Imagining a childhood event might also change memory for it by inducing source attribution errors (Johnson, 1988; Johnson, Hashtroudi, & Lindsay, 1993). Simply put, source attribution errors occur when information is remembered, but its source is remembered incorrectly or not remembered at all. Koehler (1991) argued explicitly that source attribution errors were partly responsible for the increased confidence in the probability of imagined future events. He noted that the mere act of imagining a scenario forces people to create an alternate reality for a short time and to fit the imagined facts into their existing knowledge of the world. The imagination procedure generates event information that subjects may remember, even if they don't remember the source of the information. Event information becomes more available, and therefore more plausible, subjects become more confident that the event will occur.

A similar line of argument leads us to predict that subjects will also become more confident that imagined past events had occurred. The rationale for this prediction is straightforward. Imagination will produce event information, and the event information may become more accessible, but its source may be forgotten or mis-remembered. When subjects are later tested, the availability might make the past event seem more plausible, and they might become more confident that the past event had actually occurred.

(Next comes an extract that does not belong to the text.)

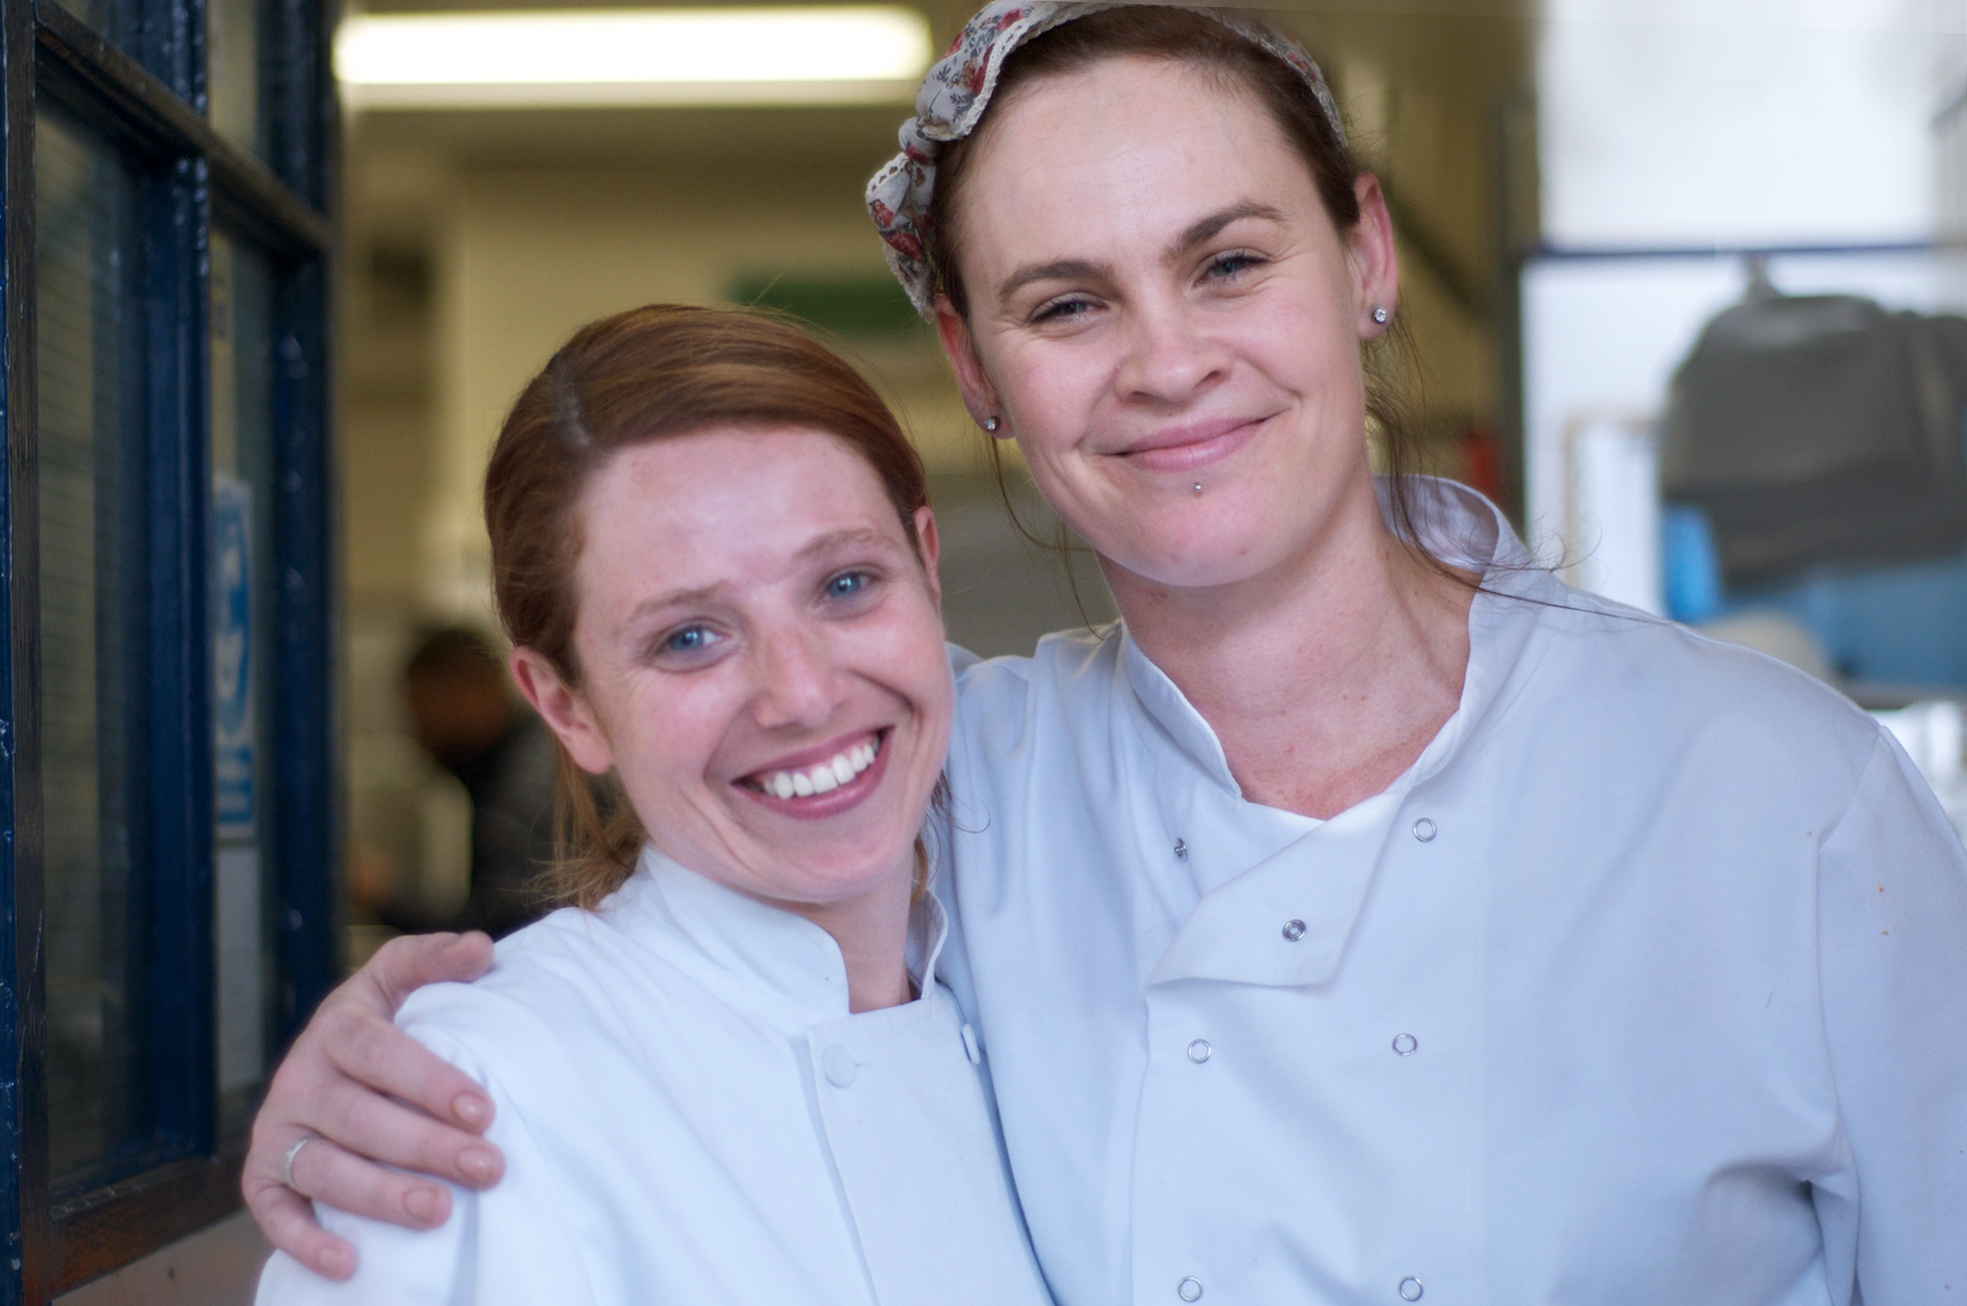 Nicole (left) and Chery-lynn

There is even reason to believe that source confusion might be especially acute for the very distant events of childhood. For example, Johnson, Foley, Suengas, and Raye (1988) asked subjects to think of actual or imagined personal events from either the recent past or childhood and then to rate these memories on 39 different characteristics. There were far fewer significant differences (3/39) between actual and imagined childhood events than for actual and imagined recent events (20/39). Put another way, both experienced and imagined childhood memories contain far fewer qualitative differences that can be used to distinguish between what actually happened from what was only imagined. Perhaps the act of imagining a childhood event generates only diffuse information about it, but if even genuine childhood memories contain similar information, subjects might not have a reliable way of distinguishing between childhood fact and fantasy. In short, the act of imagining may generate information whose source later becomes confused, resulting in a stronger belief that the imagined childhood event actually occurred. Thus, source monitoring research suggests why imagining a childhood window-shattering accident might promote greater confidence later that it actually occurred.